I am tasked to find the closed form solution to$$\min_{y} \ - ky + \sum_{i=1}^{n} (y-x_{i})_{+}$$ where $(y-x_{i})_{+}$ is equivalent to $max(0 , y-x_{i})$
My first thought is to find and set the derivative of the function to $0$ but I'm not sure how to do that in this format.
Define the function $$f(y)=-ky+\sum_{i=1}^n \max(0, y-x_i)$$ Without loss of generality, assume that $x_1,x_2,...,x_n$ are in increasing order. Like I said in my comment, we shouldn’t try to take derivatives since $f$ is not differentiable, but we can notice that its graph consists of a sequence of connected line segments whose slopes satisfy some nice properties.

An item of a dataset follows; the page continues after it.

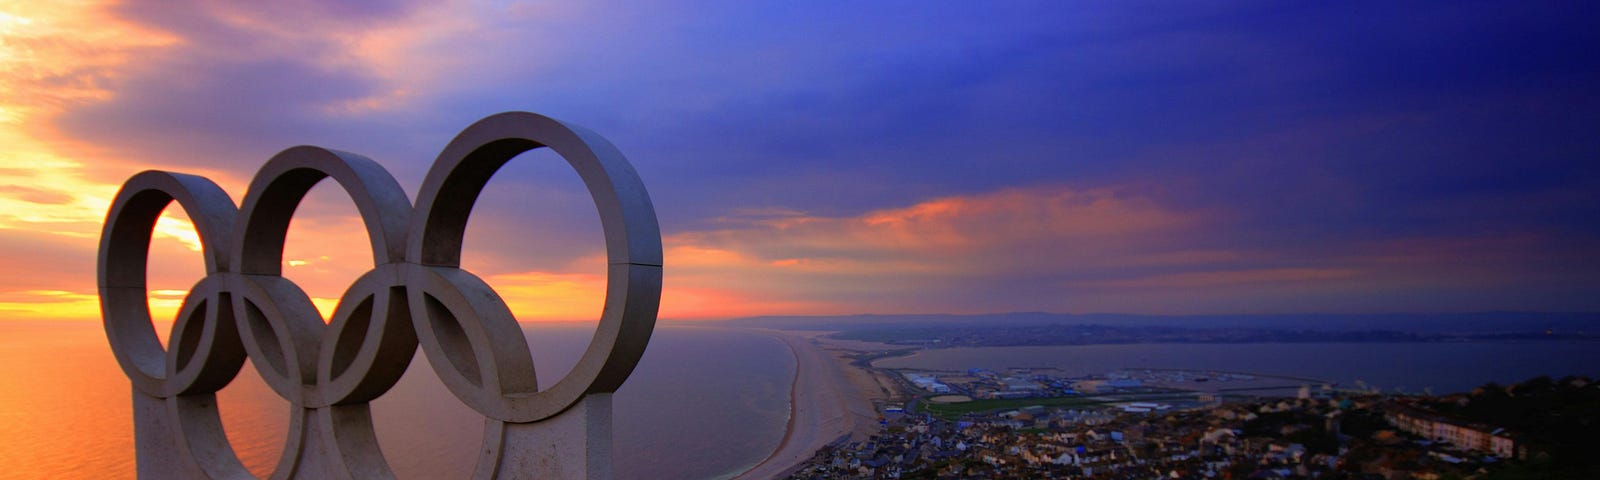 Scenic view of Olympic rings overlooking the sunset
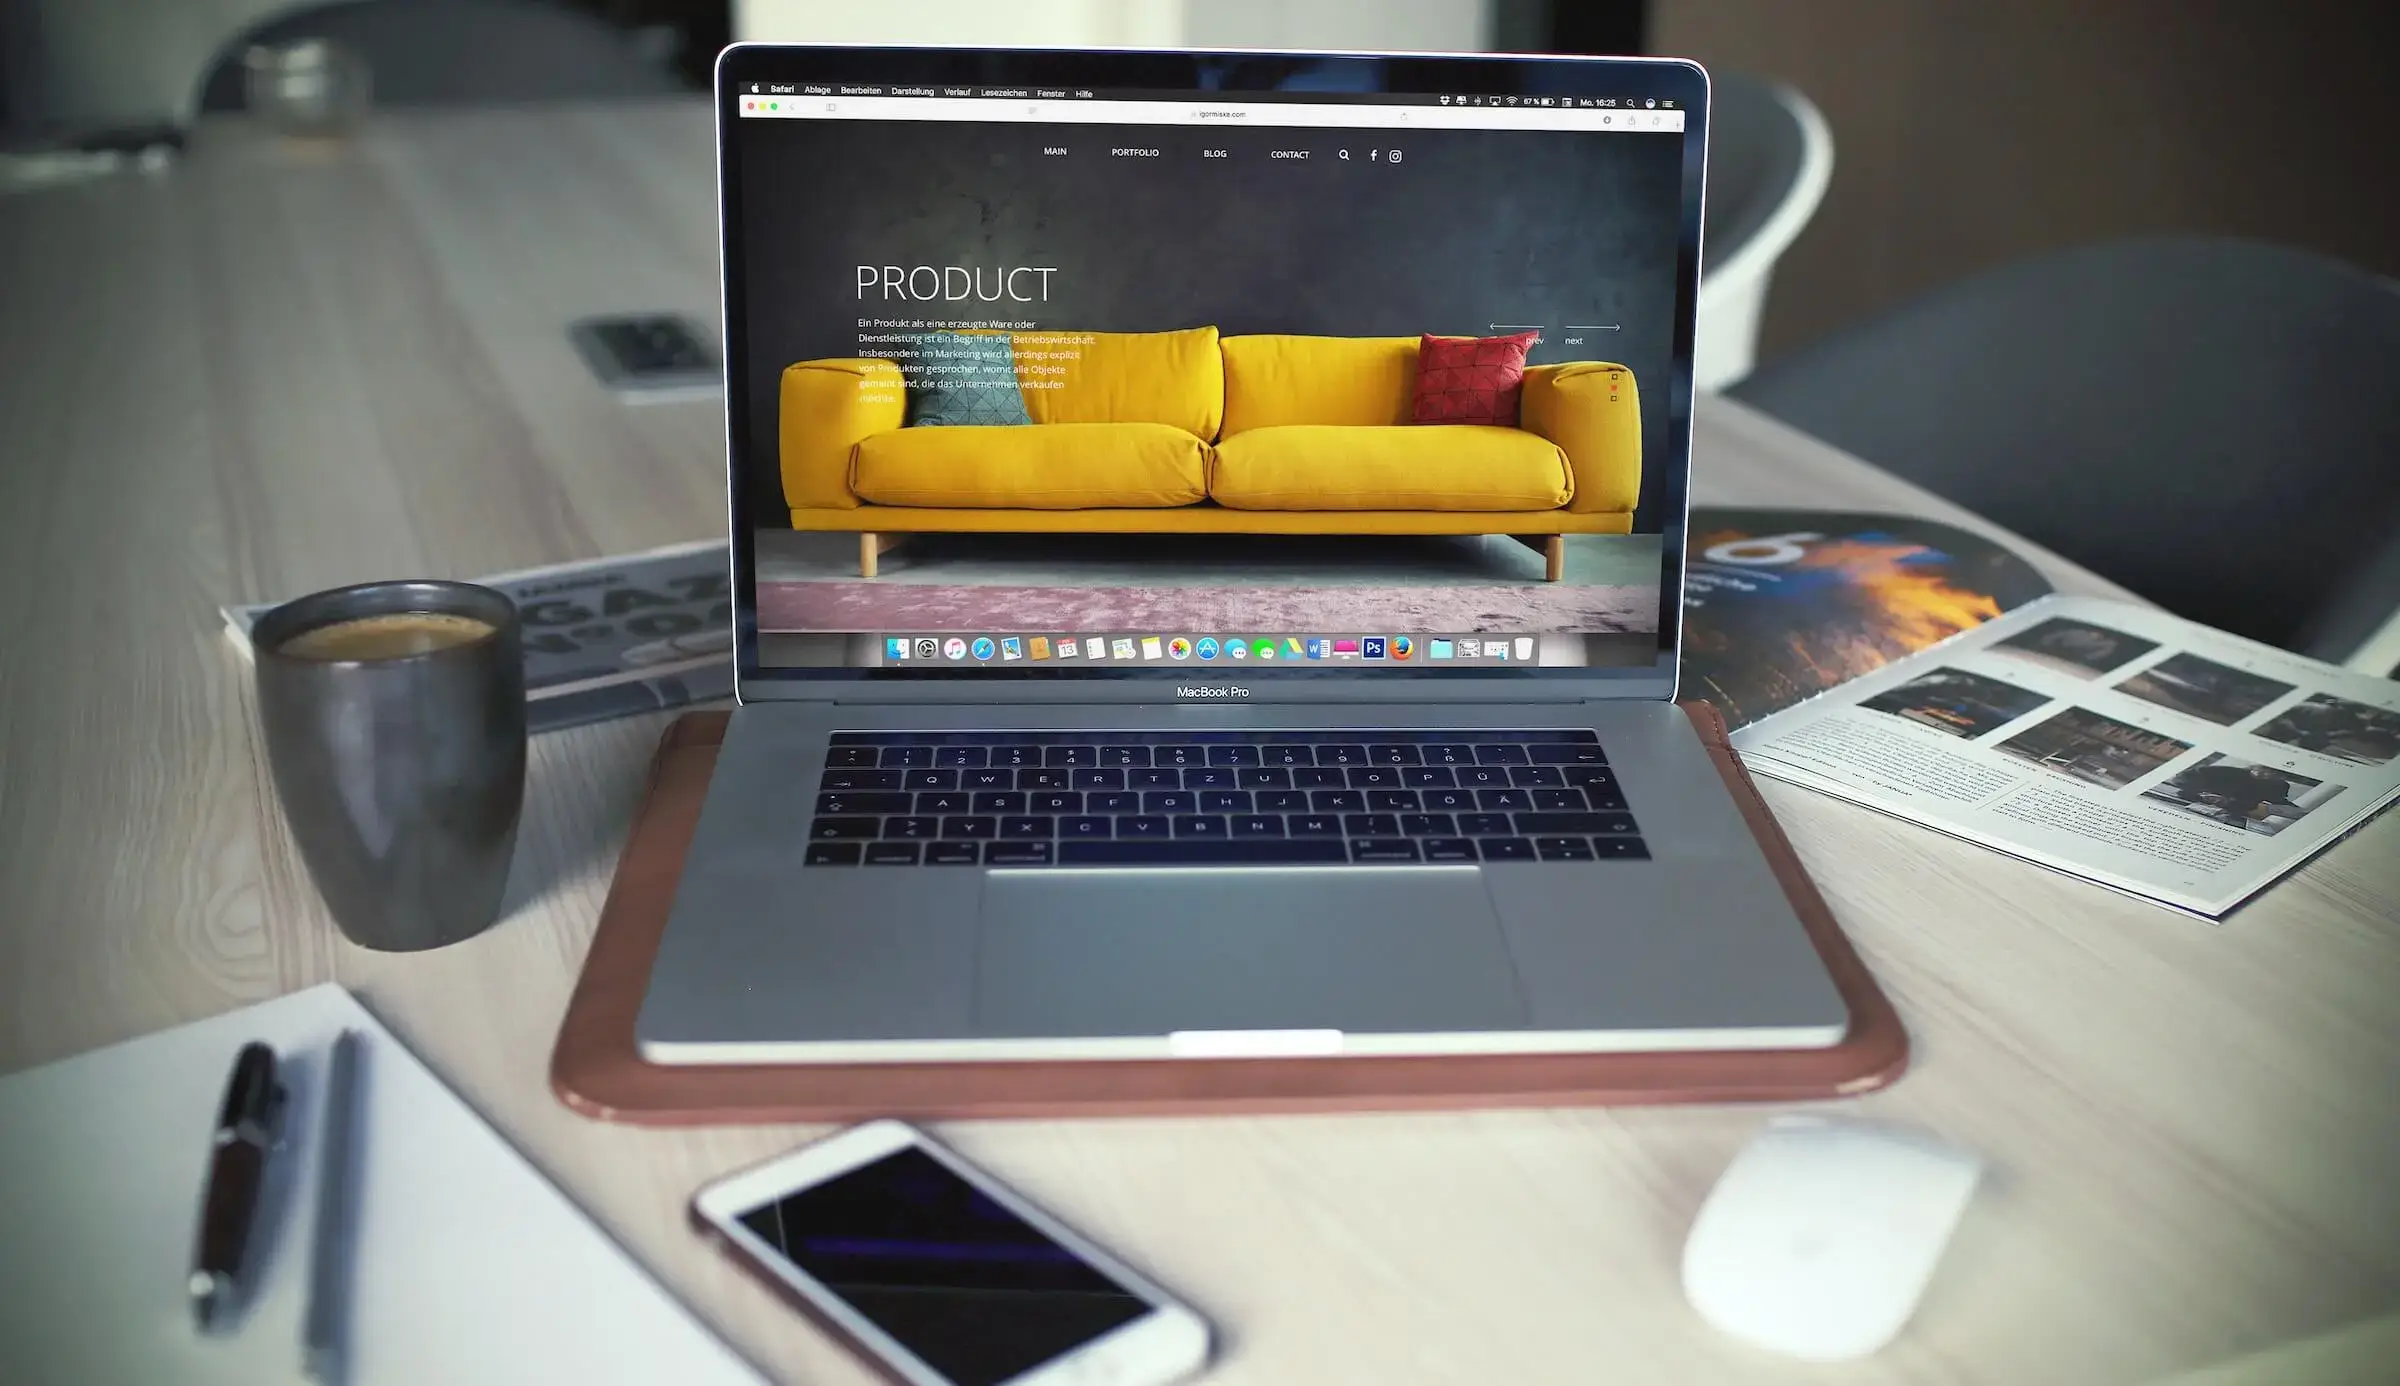 A Macbook Pro screen showing a sample of product landing page.

The slope of the first line “segment,” which goes on to $-\infty$, is equal to $-k$. Then, to the right of $x=x_1$, we get a line segment with slope $-k+1$, and to the right of $x=x_2$ we have a line segment with slope $-k+2$, and so on. To reach the minimum, we need to keep going until the slope becomes positive, which occurs once $-k+i$ becomes positive. This occurs when $x=x_{\lceil k \rceil}$. Thus, the minimum value is obtained at $x=x_{\lceil k \rceil}$, and this minimum value is given by $f(x_{\lceil k\rceil})$. However, if $k > n$, the function never obtains a minimum value and decreases forever, meaning that arbitrarily small values can be obtained.